GIVHAN: Well, that's true. And - I mean, I think the caller's points - makes a very valid points. But I would also say that, you know, we had the advantage of seeing all of this sort of from a distance as if it's a play unfolding on stage. I think for these women, a lot of them perhaps did not necessarily think that they were one of however many.
CONAN: Right. They thought of themselves...
GIVHAN: I mean, in their world...
CONAN: ...as one (unintelligible), yes.
GIVHAN: Right. You know, they were a single person having a relationship - an encounter or whatever you want to call it - with another person. So, I mean, yeah, we're lumping them together and calling it, you know, a long list of women and one Tiger Woods. But for them, it was one and one.
CONAN: Let's go, finally, to Amy, Amy with us from Buffalo.
AMY: Hey. How are you doing? I can't believe I actually got on the line. I'm a former cocktail pianist and also worked a lot in clubs alone. And I have to say that for myself, sure, everybody was trying to pick me up. Everybody assumed that I was, you know, loose. And I had to wear, you know, the appropriate garb for that type of gig. But I also had a mother who was in the business who said you don't go home with the customers. I don't care who it was. I got hit on by Bobby Brown. And...

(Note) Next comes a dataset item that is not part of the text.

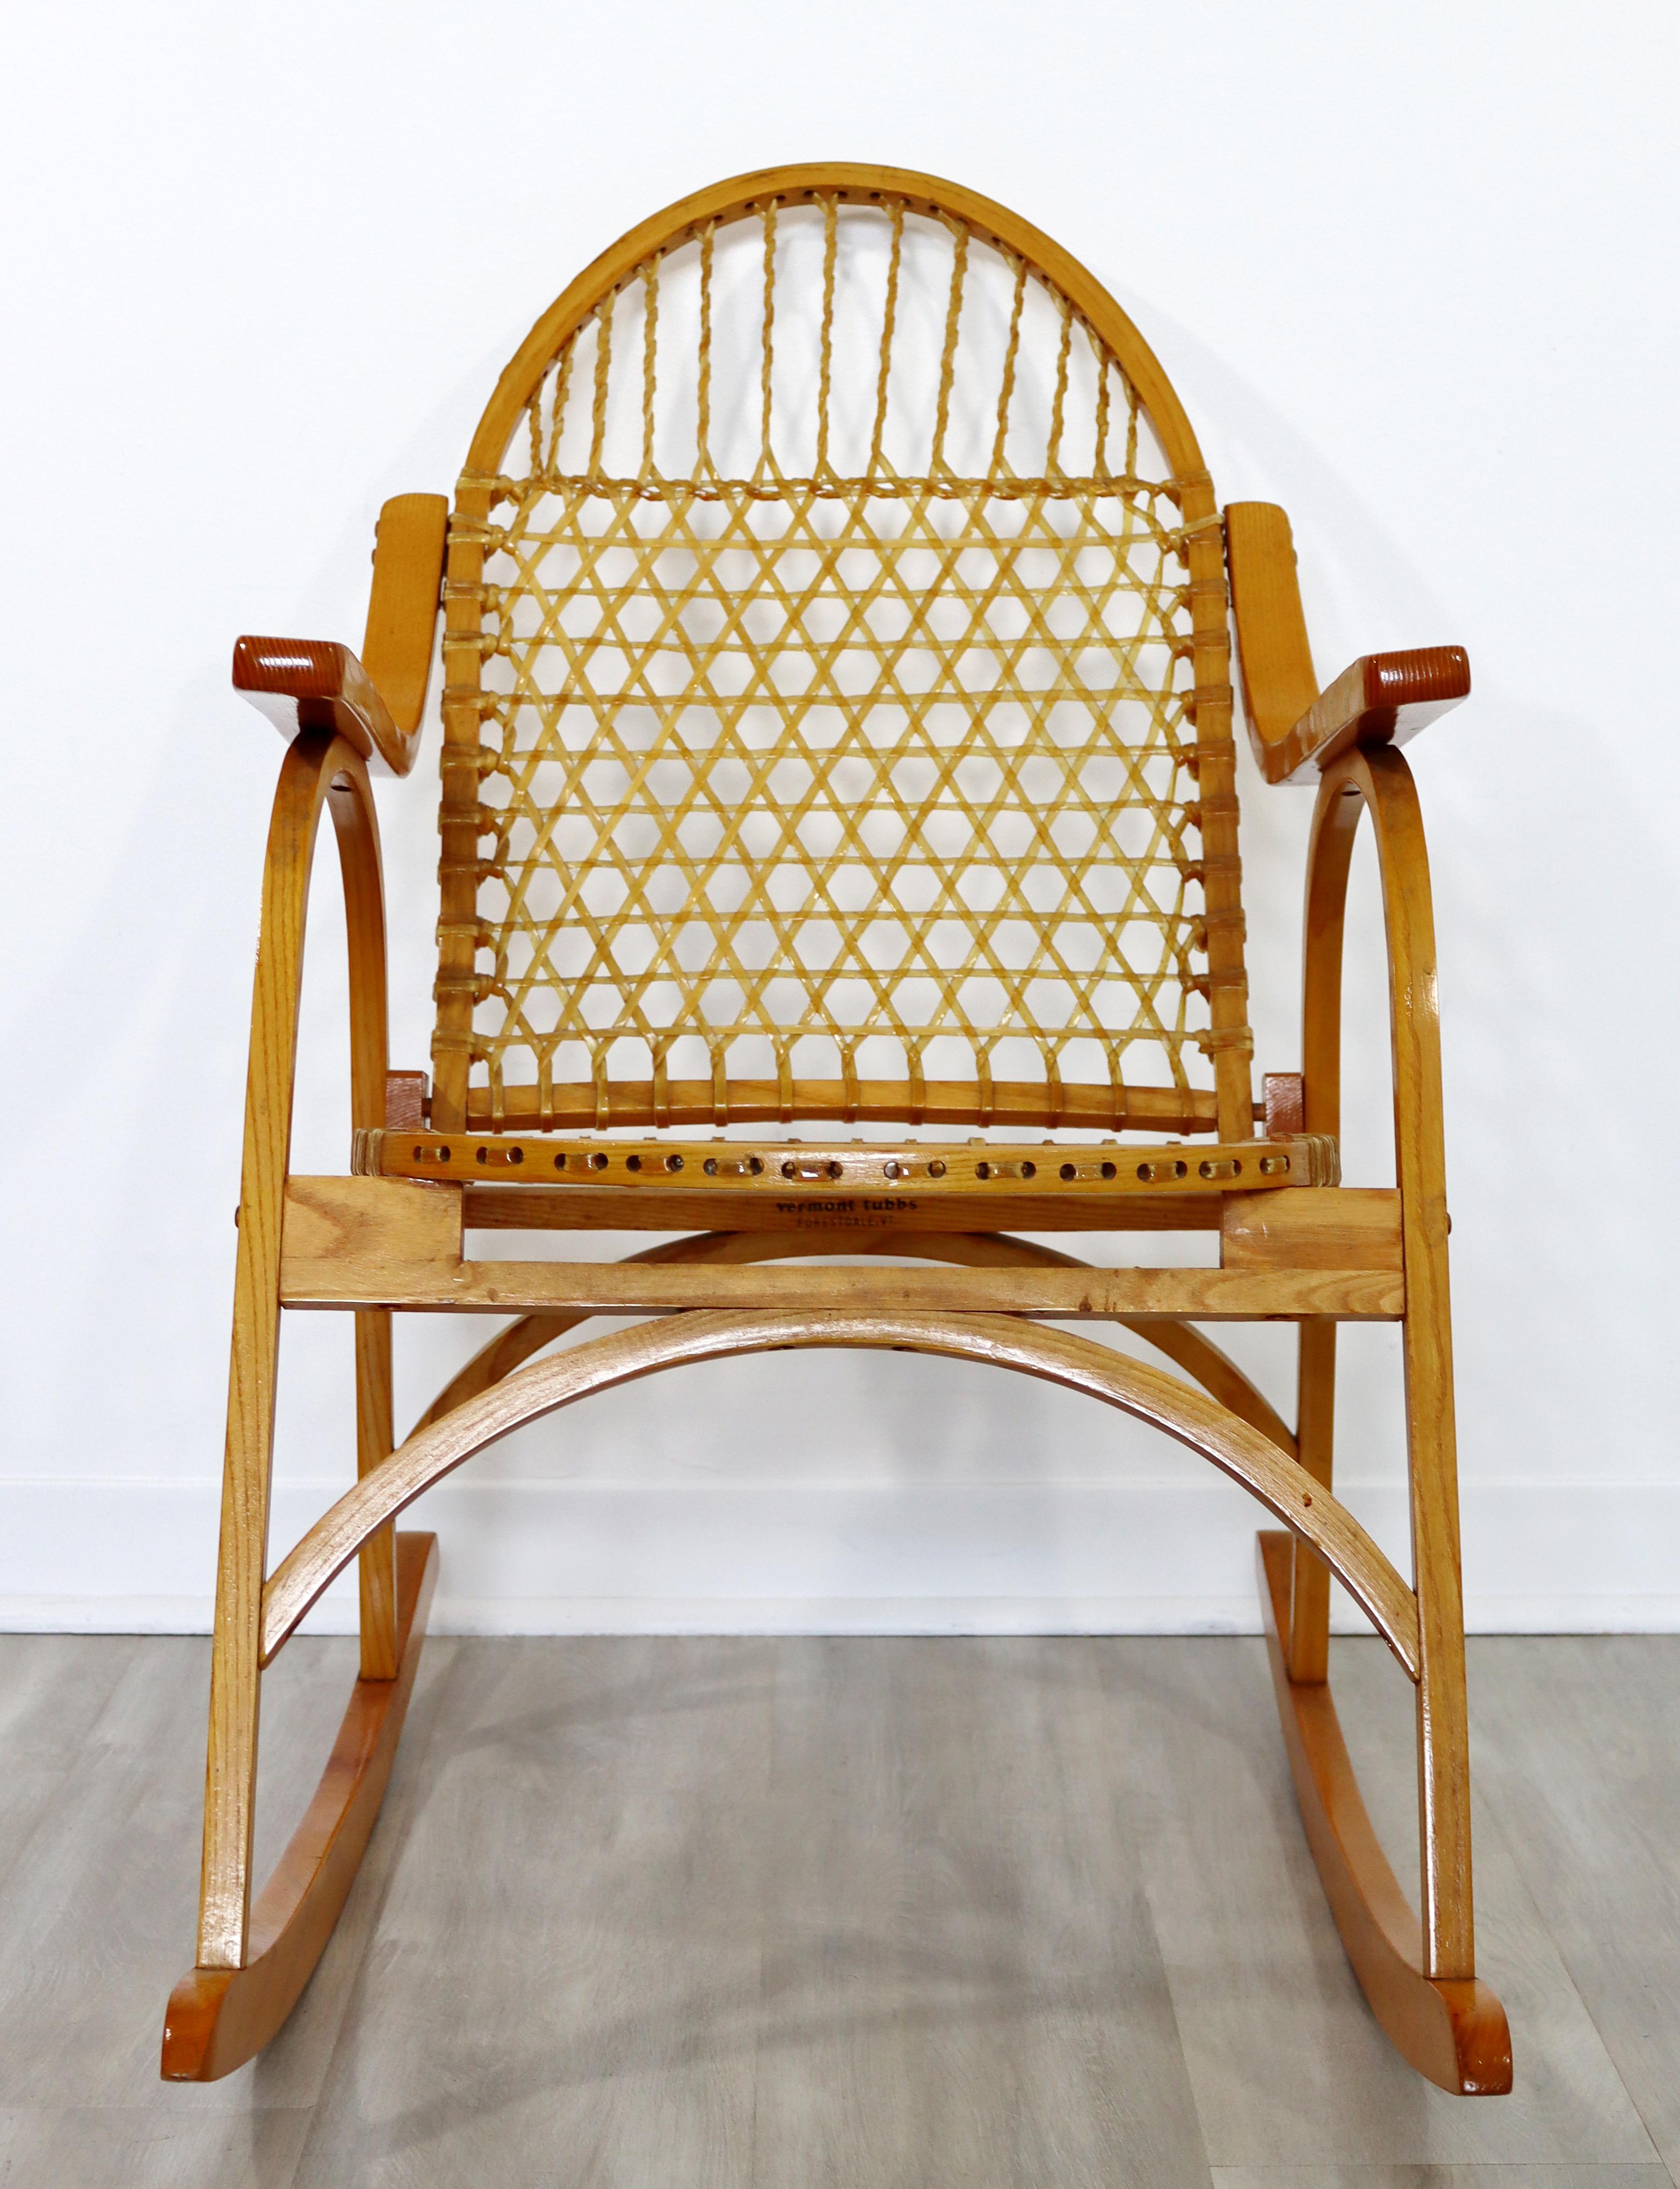 For your consideration is an eccentric accent rocking chair, with raw hide webbing, by Carl Koch for Vermont Tubbs, circa the 1950s. In excellent vintage condition. The dimensions are 20.5

AMY: And, you know, yeah, Bobby Brown, the Bobby Brown.
GIVHAN: I think you made the right choice.
(SOUNDBITE OF LAUGHTER)
AMY: Well, of course, I did. I mean, he's an idiot. But, I mean, a lot of the famous and not-so-famous people would come in to my piano in a bar and I'd say, look, you know, I'll play a song for you but, you know, I don't do windows and I don't do customers.
(SOUNDBITE OF LAUGHTER)
AMY: And, you know, you just got to have some wits and you've got to have the self-esteem. And I think, unfortunately, a lot of women in these professions take them as a - because it's their only option and because they don't have the self-esteem or the education or the self- education - in my case, I never passed high school - to actually get a different gig.
CONAN: Well, it sounds like your mother gave you an education, too. So...
AMY: Oh, she is a beauty. She is a wonder. And my grandma, too. I mean, and my daughter is a fourth generation musician, and she knows the same rules.
CONAN: Amy, thanks very much for the call, and thanks very much for the education.
AMY: Thank you.
CONAN: Robin Givhan, and thank you for your time today.
GIVHAN: Thank you.
CONAN: Robin Givhan with us from the Washington Post, where she's the fashion editor. You can find a link to her article "The Tiger Woods Scandal is a Tale Of Sex — and Sexism" at our Web site. That's at npr.org. Click on TALK OF THE NATION.
Tomorrow, after the housing crisis, rethinking the American dream, should every one own a home? Join us then.
I'm Neal Conan. It's the TALK OF THE NATION from NPR News.